Воспоминания розы — страница 12 из 42

Пьер д’Агей предложил нам воспользоваться его замком для венчания двадцать третьего апреля. Вот этой свадьбы мы оба желали страстно.

Так что поженились мы в старом замке Агей, расположенном в тихой бухточке. Бывший форт, сопротивляясь капризам времени и мистралю, выдавался далеко в море, как гигантский нос корабля. Огромная терраса, поросшая рододендронами и геранью, была самой красивой палубой, какую я когда-либо видела, она плыла над чистейшей голубизной Средиземного моря. Семейство д’Агей жило замкнуто, избегало светских развлечений, а рыбацкие лодки и моторки приближались к замку не более чем на километр. Несколько веков этот род жил в Агее. Всю ближайшую деревню тоже населяли их близкие и дальние родственники. Я никогда не могла запомнить всех невесток и свекровей сестер д’Агей. Я признательна им за то, что они всегда были любезны и добры к нам обоим. Антуан в некотором роде был их ребенком. Его зять Пьер д’Агей относился к нему как к брату.

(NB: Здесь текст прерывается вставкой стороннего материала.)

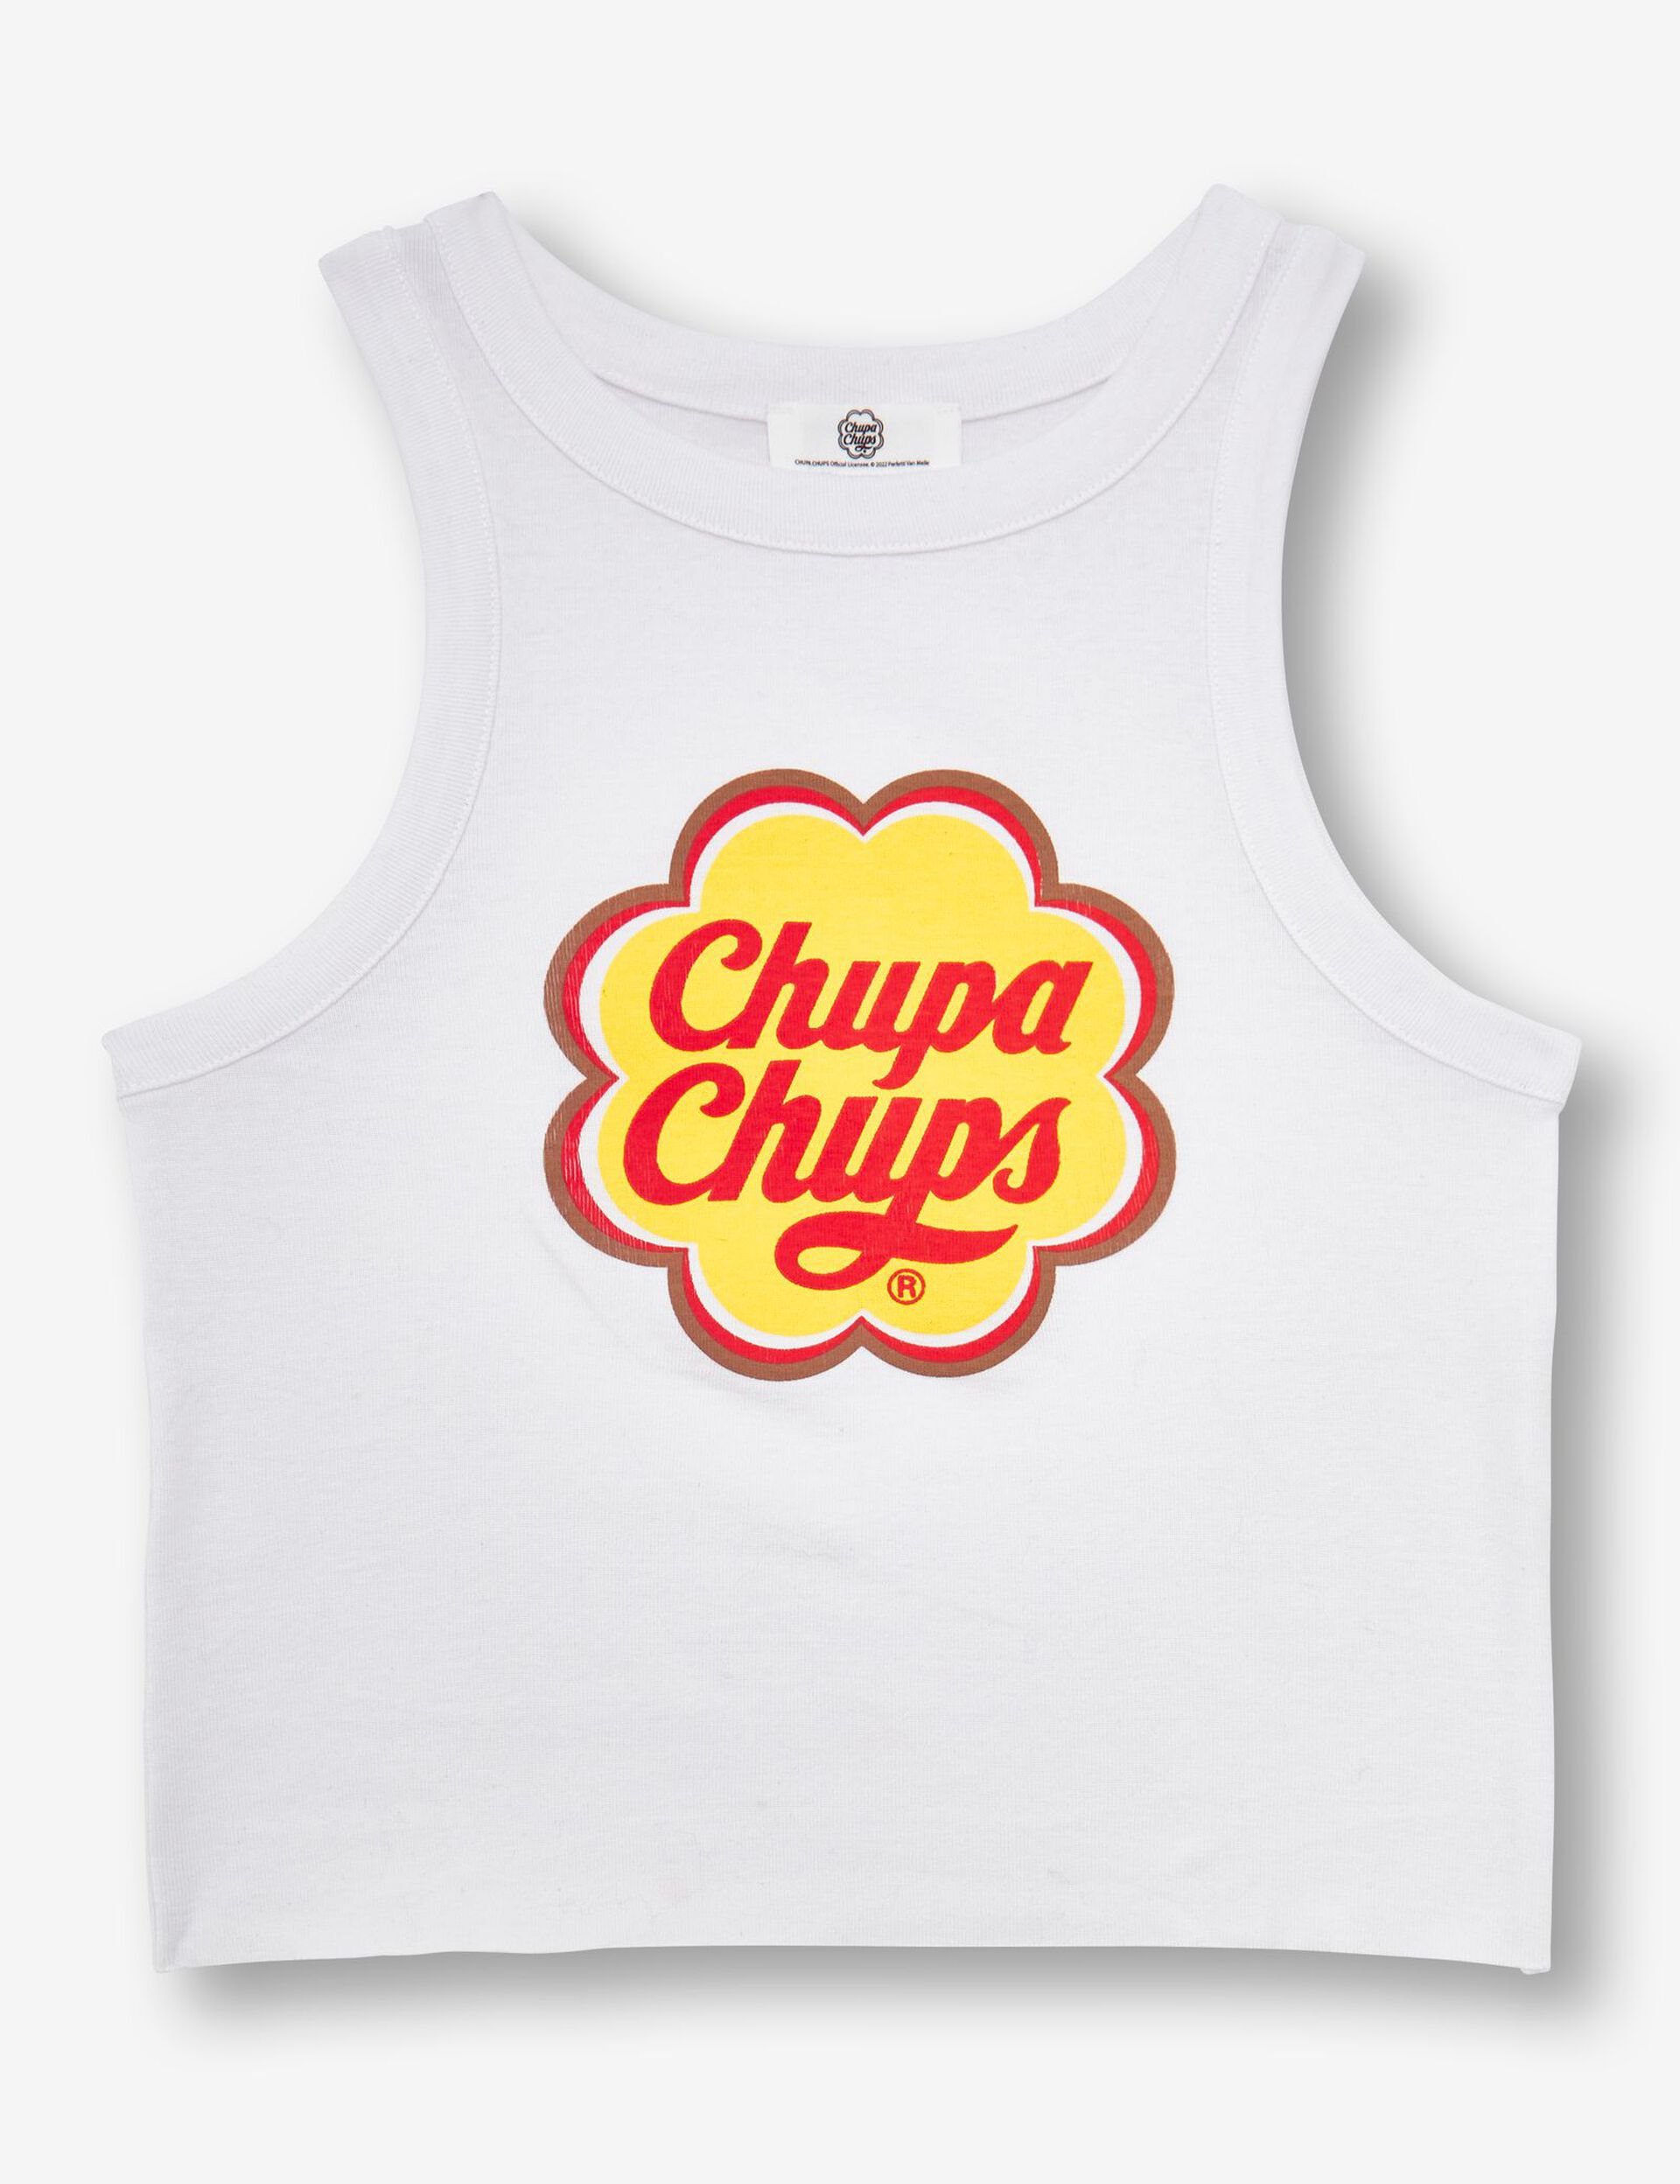 Chupa Chups vest top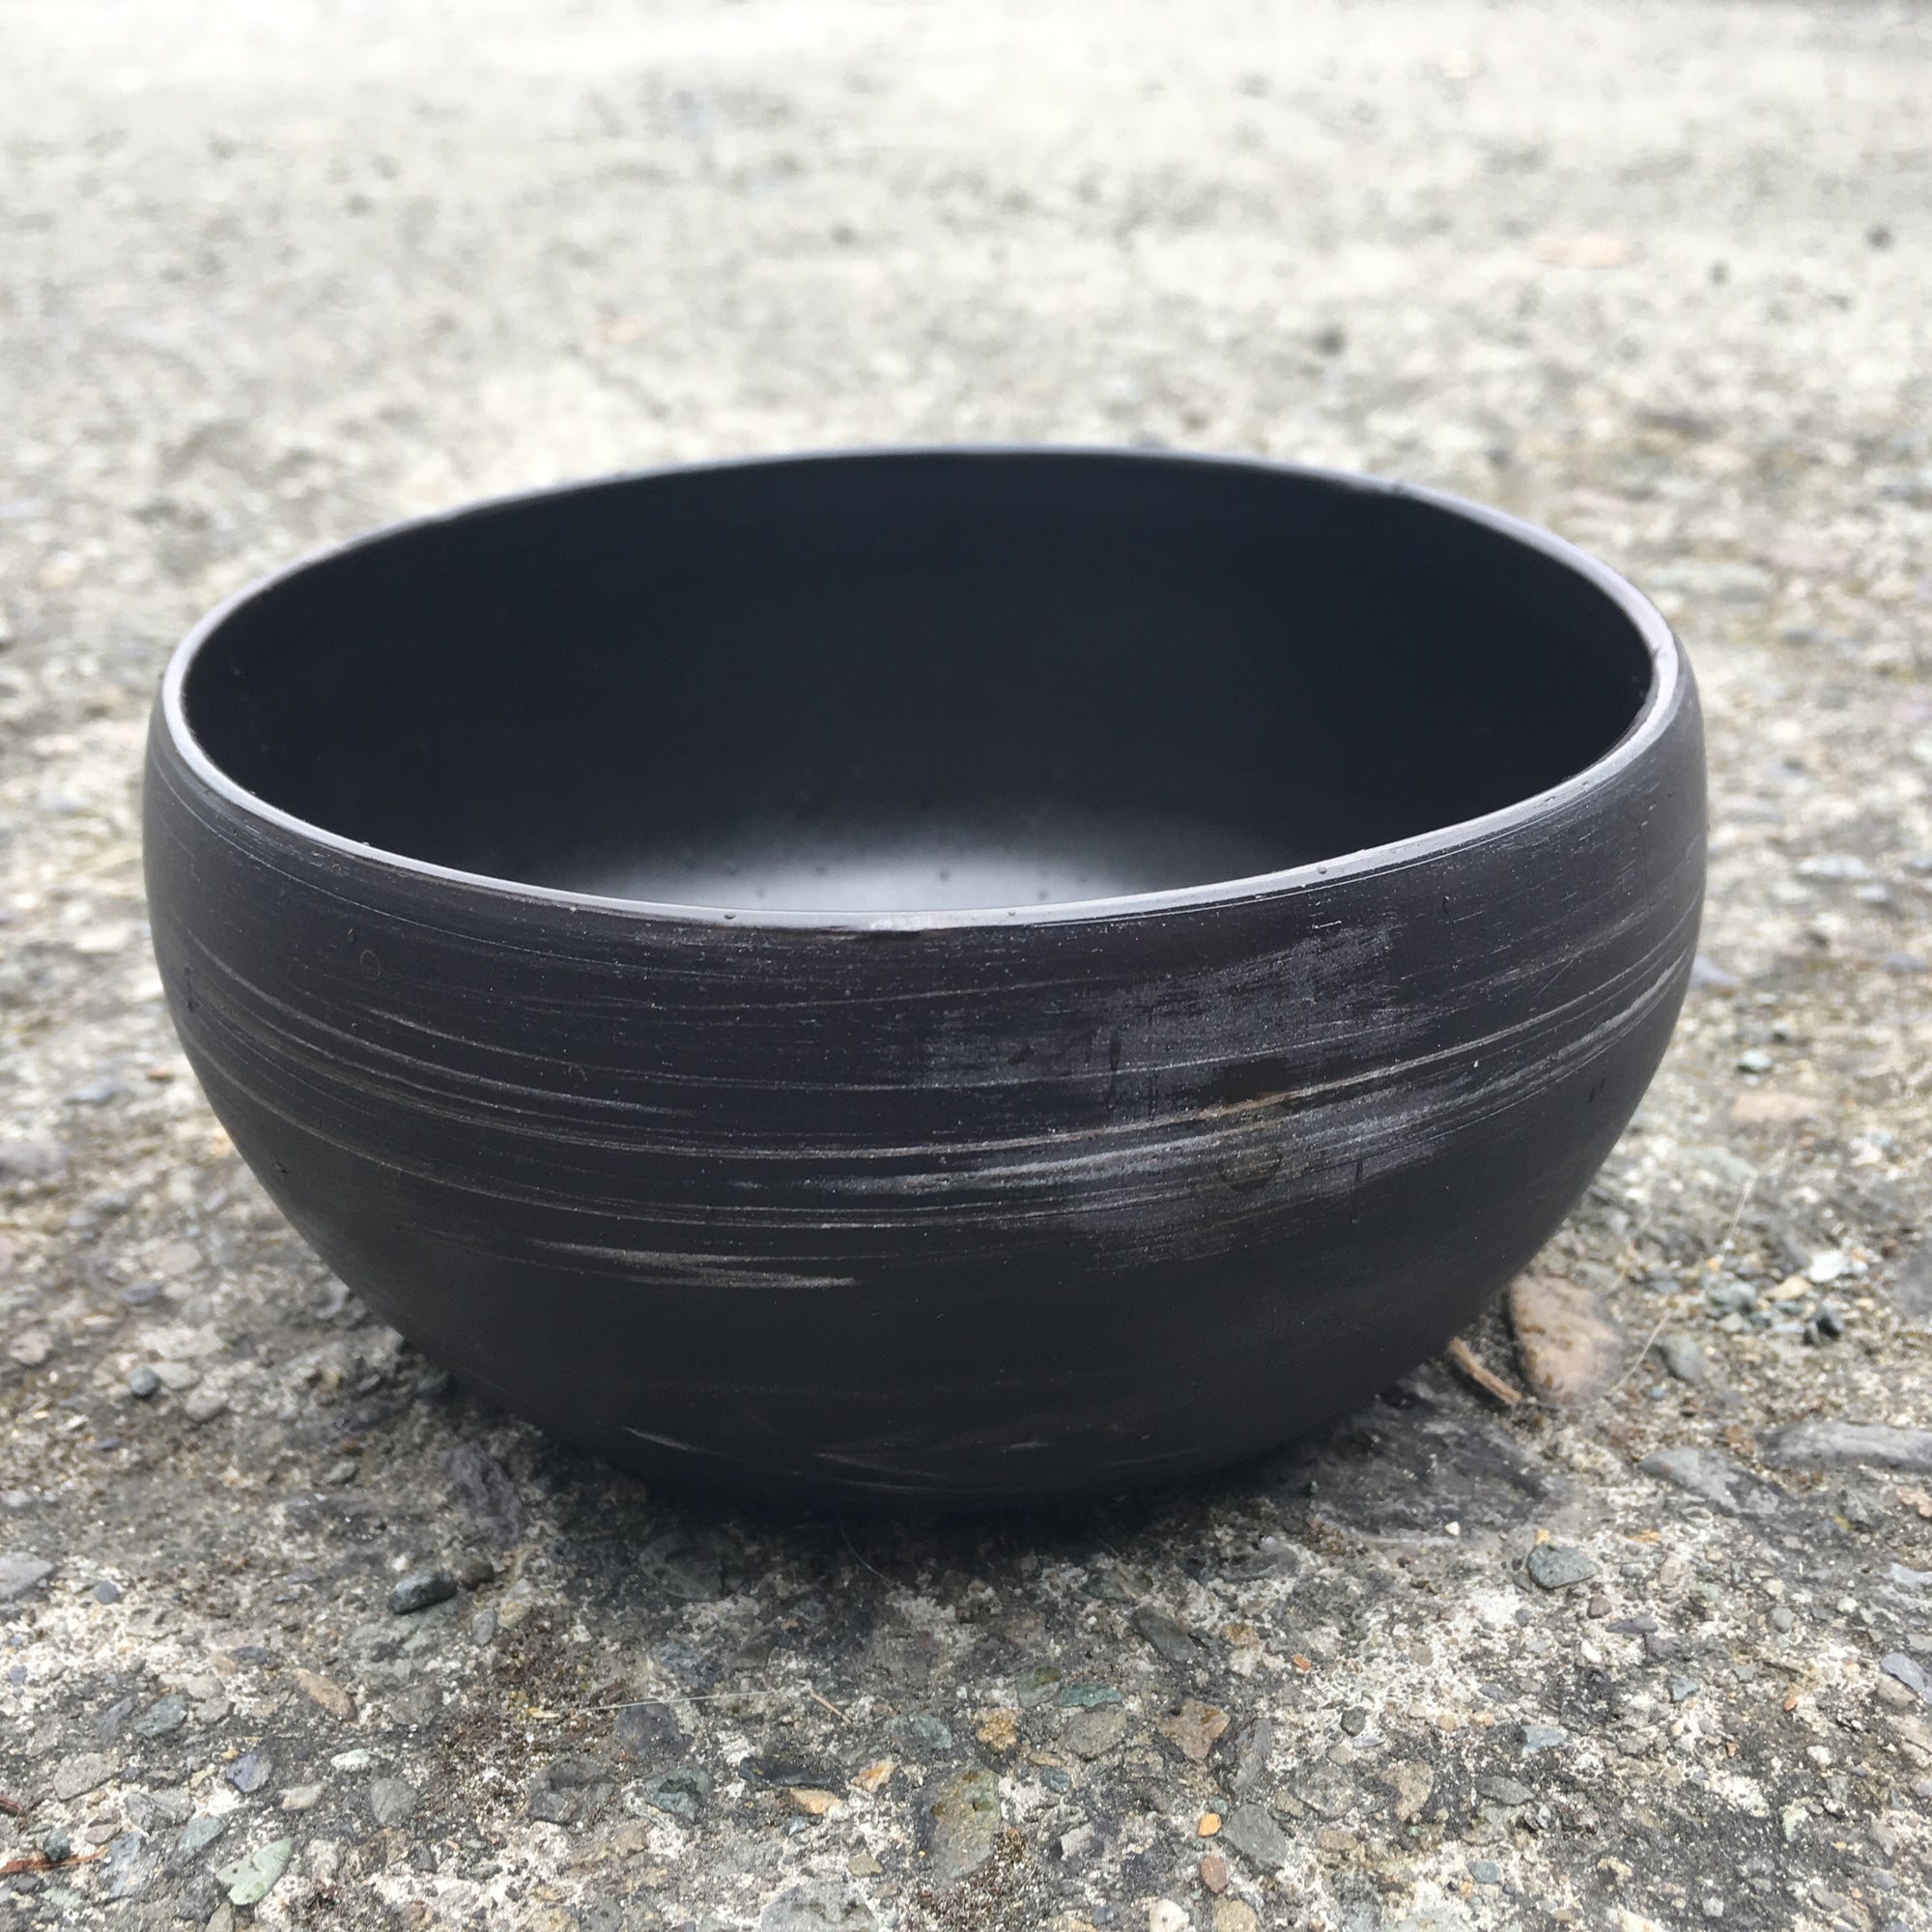 Small Ceramic bowl - Black with White

Внутреннее убранство замка оказалось очень простым. Огромные каменные залы, вымощенные крепкими плитами, которые не сотрутся на протяжении жизни множества поколений. В день свадьбы моя золовка Диди разослала всем жителям деревни цветы и вино с фермы Агей. Деревня утонула в песнях и веселом смехе…

Моя свекровь позаботилась обо всем. На медовый месяц она подарила нам поездку на остров Поркероль.

Мы приехали из Агея уставшие от празднования свадьбы и бесконечного фотографирования.

– Чистое небо, дивный ветер, – говорил Тонио, словно подбадривая во времена «Аэропосталя» радиста и пилота, вынужденных лететь ночью над огромными просторами Рио-де-Оро, где в случае аварии их могли просто разрезать на куски.

Тонио хотел спать, он не любил объятий, бурных выражений чувств, которые ему пришлось вынести в тот день. Мы вышли из машины, чтобы добраться до причала. Был шторм. Мой летчик, который столь отважно тягался с воздушной стихией, оказался подвержен морской болезни, и это не улучшило его настроения.

В отеле, где мы остановились, все было предусмотрено для новобрачных вроде нас. Но мы задыхались в этой атмосфере. Тонио, как был, в одежде, растянулся на диване. На следующее утро он проснулся с первыми лучами солнца и умолял меня уехать обратно в Мирадор. У него только одно желание, твердил он, закончить «Вентилятор»! Мне было обидно, но он не годился на роль новобрачного.

– Извините, но мне это кажется идиотизмом, – сказал он, имея в виду всех этих молодоженов, которые за завтраком обменивались любезностями после первой брачной ночи.

И, ни слова не сказав родственникам, мы вернулись в свой дом в Мирадоре.

Мы жили в мире и согласии. Я теперь носила другую фамилию, но пока еще не привыкла к ней. Я продолжала подписываться «Вдова Гомеса Каррильо». Тонио рычал на меня и просил забыть Гомеса Каррильо, раз уж он умер. Я не должна больше думать о нем и о его книгах, не должна ездить в Испанию на встречи с его издателями. Даже и сегодня, пятнадцать лет спустя, я так и не написала ни одного делового письма, чтобы воспользоваться деньгами, которые оставил мне великодушный Гомес Каррильо. Мне немного стыдно в этом признаваться, но тогда я была молода, и это единственное мое оправдание. Мой новоиспеченный муж хотел творить и не желал слышать о другом писателе в нашем доме. Я прекрасно его понимала.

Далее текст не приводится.